Die Champagner von Charles Philipponnat sind immer ein Gläschen wert, waren am Stand leider sehr sehr kalt.

1. Royal Reserve

Jugendlich, unbekümmert, frisch und fruchtig plätscherte der Standardbrut ins Glas. Dahinter steckt überwiegend Pinot-Noir, ca. ein Drittel Chardonnay und ca. ein Viertel Pinot Meunier. Der Reserveweinanteil kann auf bis zu 40% klettern und wird im Soleraverfahren gewonnen. Biologischer Säureabbau ist für diejenigen Grundweine, die bei Philipponnat ins Holz dürfen, kein Thema. Unter anderem deshalb stecken sie die 9 g/l Dosagezucker gut weg. Für ein großes Haus wäre das übrigens nicht besonders viel, doch ist Philipponnat kein grosses Haus, sondern eher ein großer Winzer. Das sieht man allenthalben an der sehr sorgfältigen, am Detail orientierten Vinifikation. Wie es sich für gute Winzer gehört, trägt jede Flasche das Dégorgierdatum auf dem Rückenetikett. Immer wieder eine Freude und in Deutschland ein noch immer viel zu unbekanntes Haus.

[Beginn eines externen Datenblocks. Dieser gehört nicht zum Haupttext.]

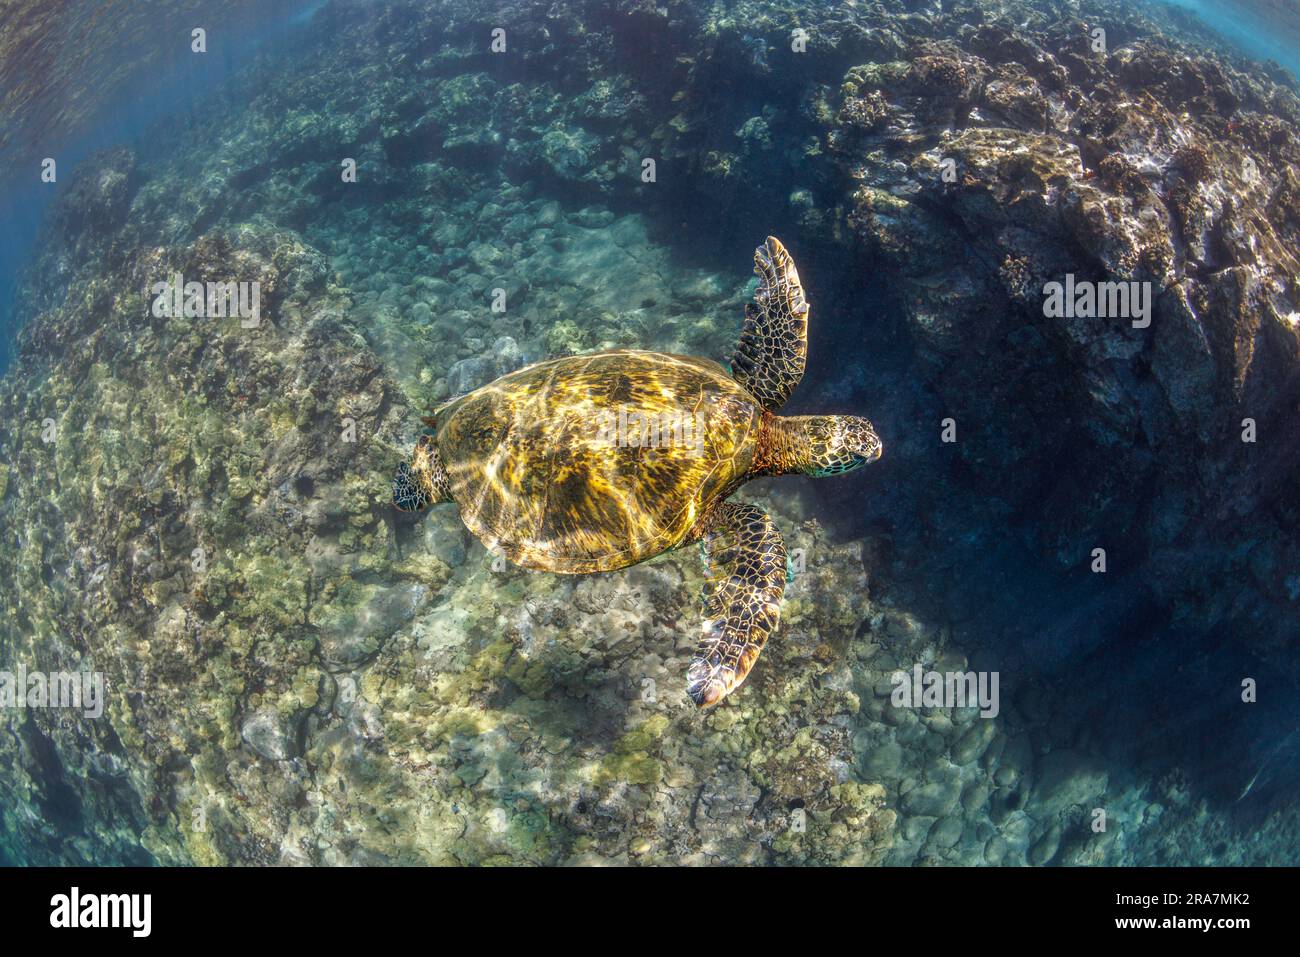 A green sea turtle, Chelonia mydas, an endangered species, glides over coral encrusted lava formations off Maui, Hawaii. Stock Photo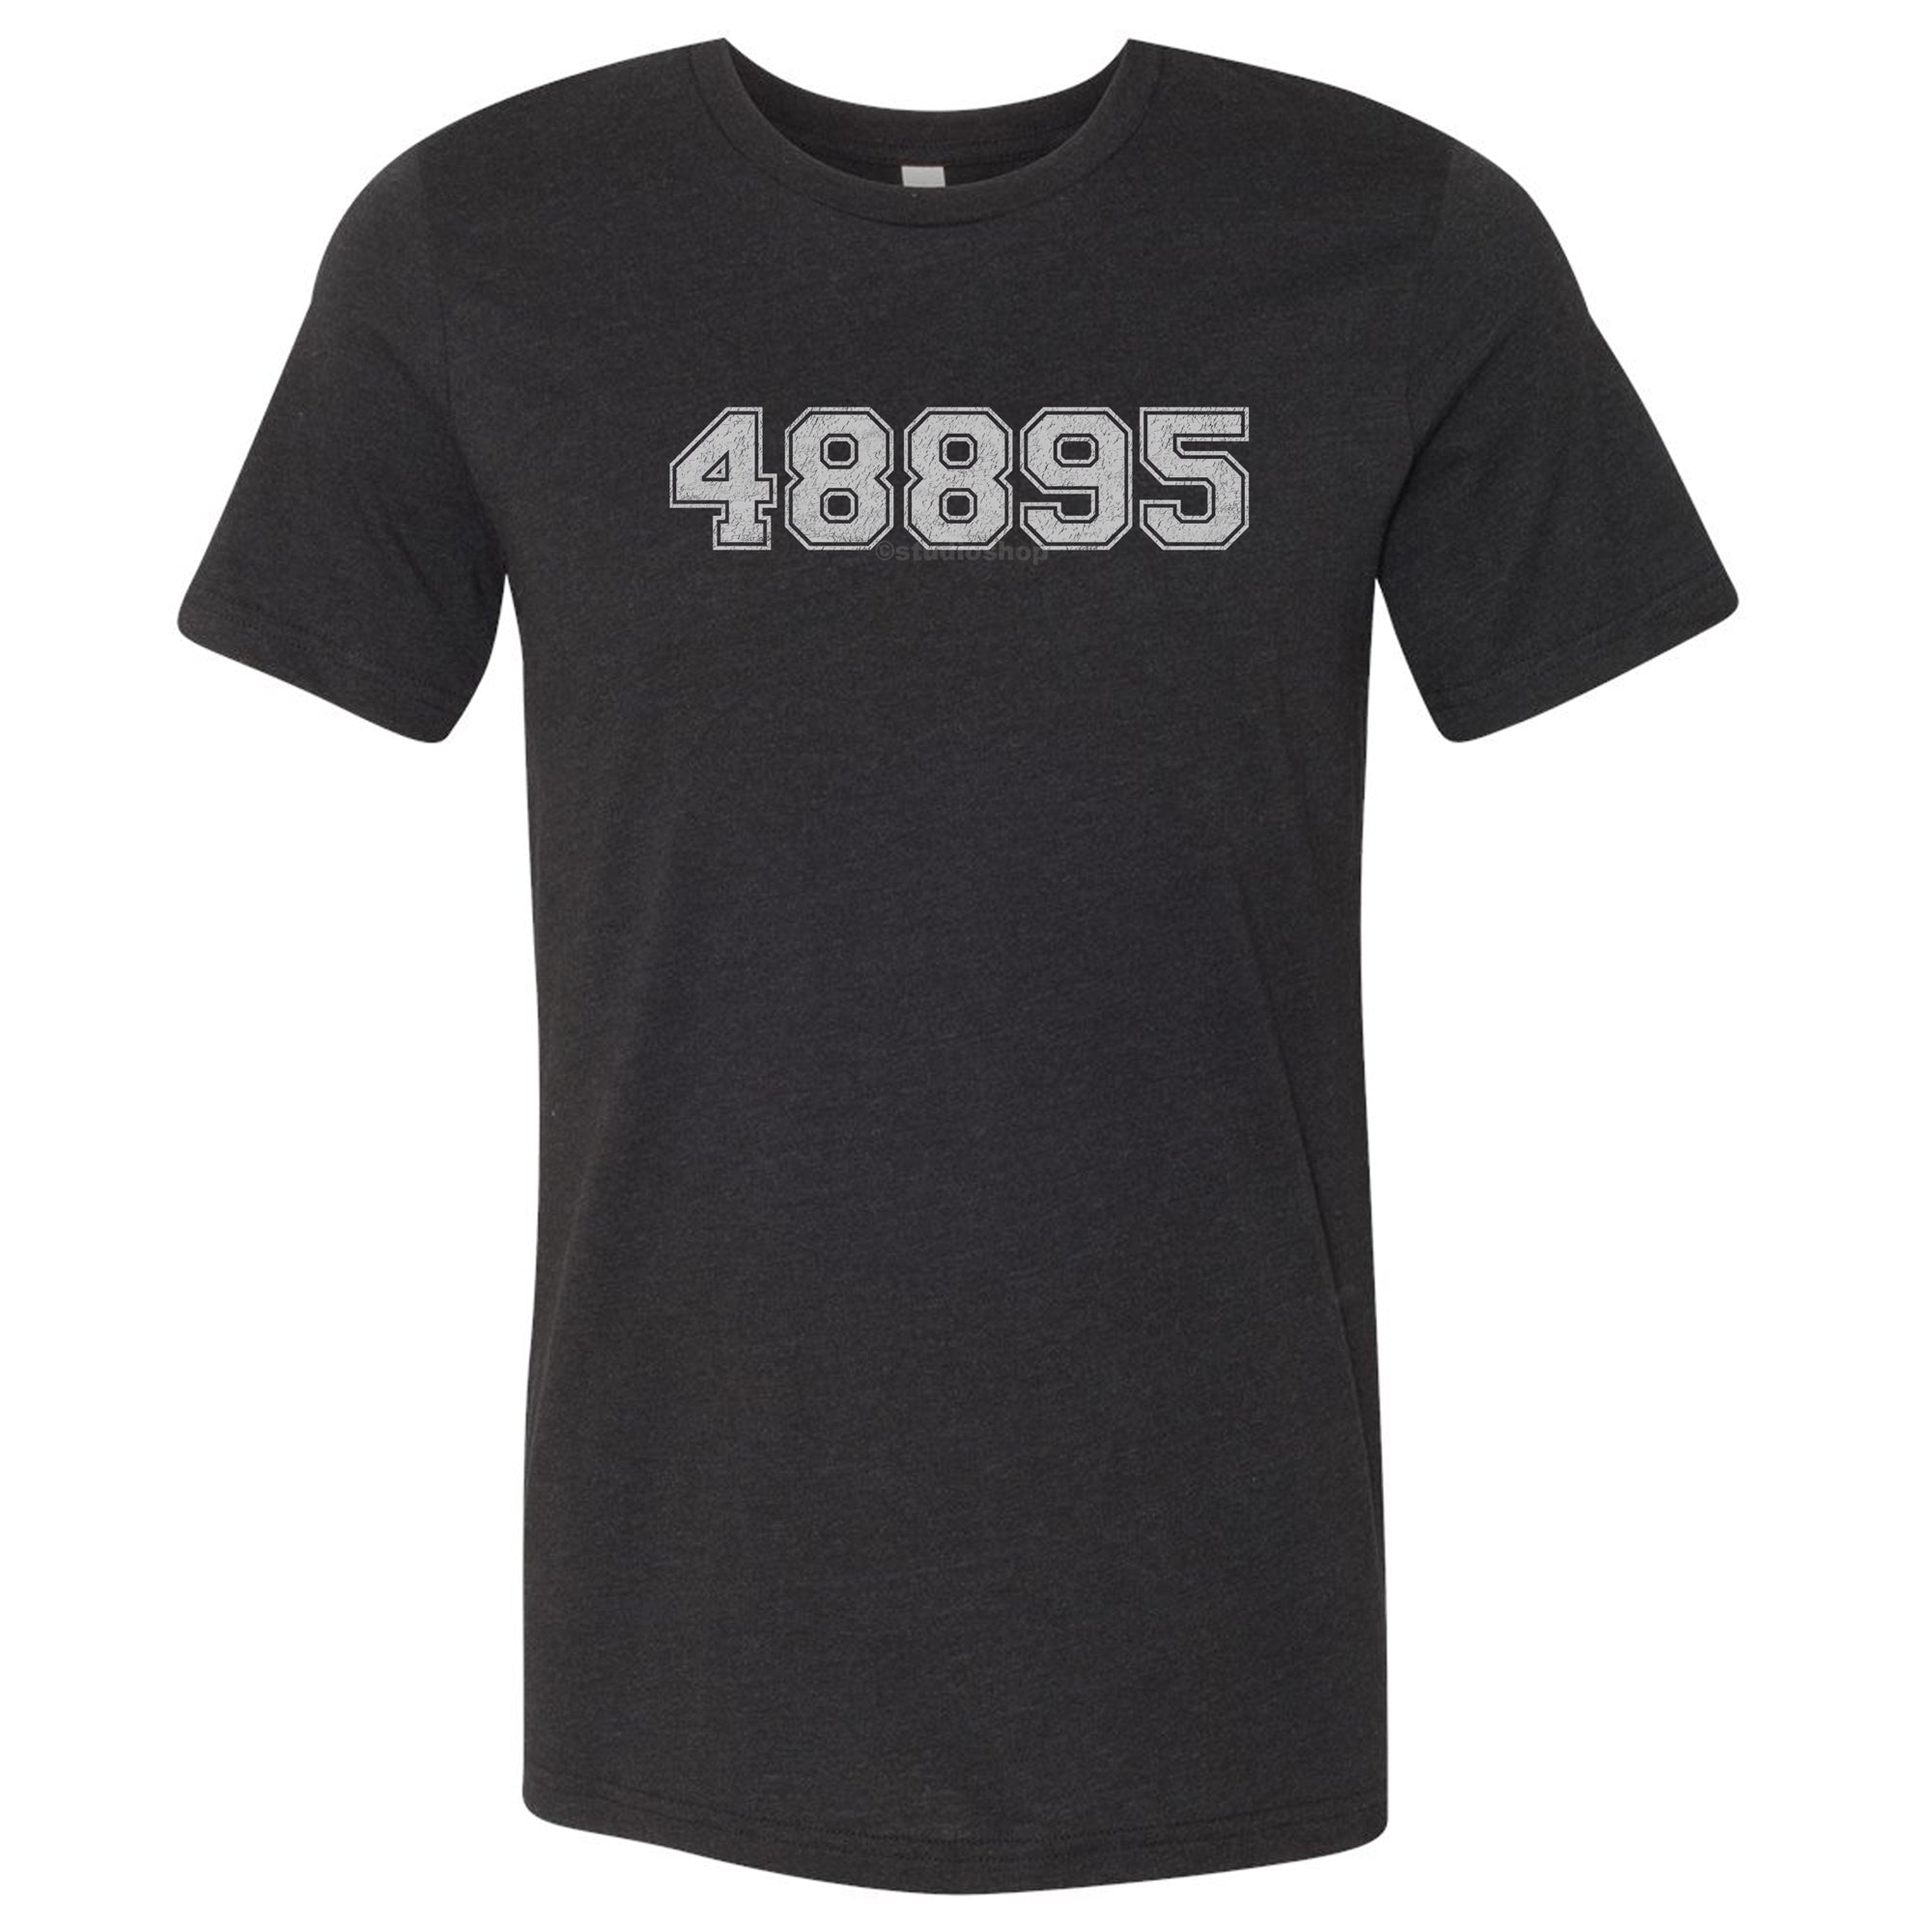 "48895" - Vintage - Blended Youth Tee

2. Grand Blanc Millésime 2002

Dieser Champagner ist in Teilen ein Clos des Goisses. Dort stehen nämlich ein paar Chardonnayreben, die nachher einen Teil der Wirkmacht des Clos des Goisses ausmachen. Zu 15% stammen die Chardonnays dieses Weins ebenfalls aus dem Clos des Goisses. Der Rest kommt überwiegend aus der Côte des Blancs. Im Stahltank bekommen diese Weine ihren Schliff und ihre chablismässige Statur, wobei es auch in diesem Champagner Anteile gibt, die im Holzfass waren und keinen BSA mitgemacht haben. In der mit 5 g/l dosierten Cuvée merkt man von alledem nicht viel. Ich war zum Beispiel viel mehr damit beschäftigt, über den Chardonnay aus dem Clos des Goisses nachzudenken und ob ich den beim nächsten Besuch mal als Grundwein probieren könnte. Denn irgendwas haben diese Trauben, was dem Champagner einen besonders weichen twist verleiht, eine träumerische Unschärfe nach der Art wie sie David Hamiltons Bilder berühmt gemacht hat.

3. Réserve Millésimé 2002

70% Pinot-Noir aus Ay und Mareuil, 30% Chardonnay aus der Côte des Blancs. Trotz seiner Dosage von 9 g/l ein lebhafter, frischer Champagner, der mir aus der Kollektion am gefälligsten vorkam. Datteln, Feigen, Aprikosen, weisse Schokolade und Limette halten sich hier spannungsvoll die Waage.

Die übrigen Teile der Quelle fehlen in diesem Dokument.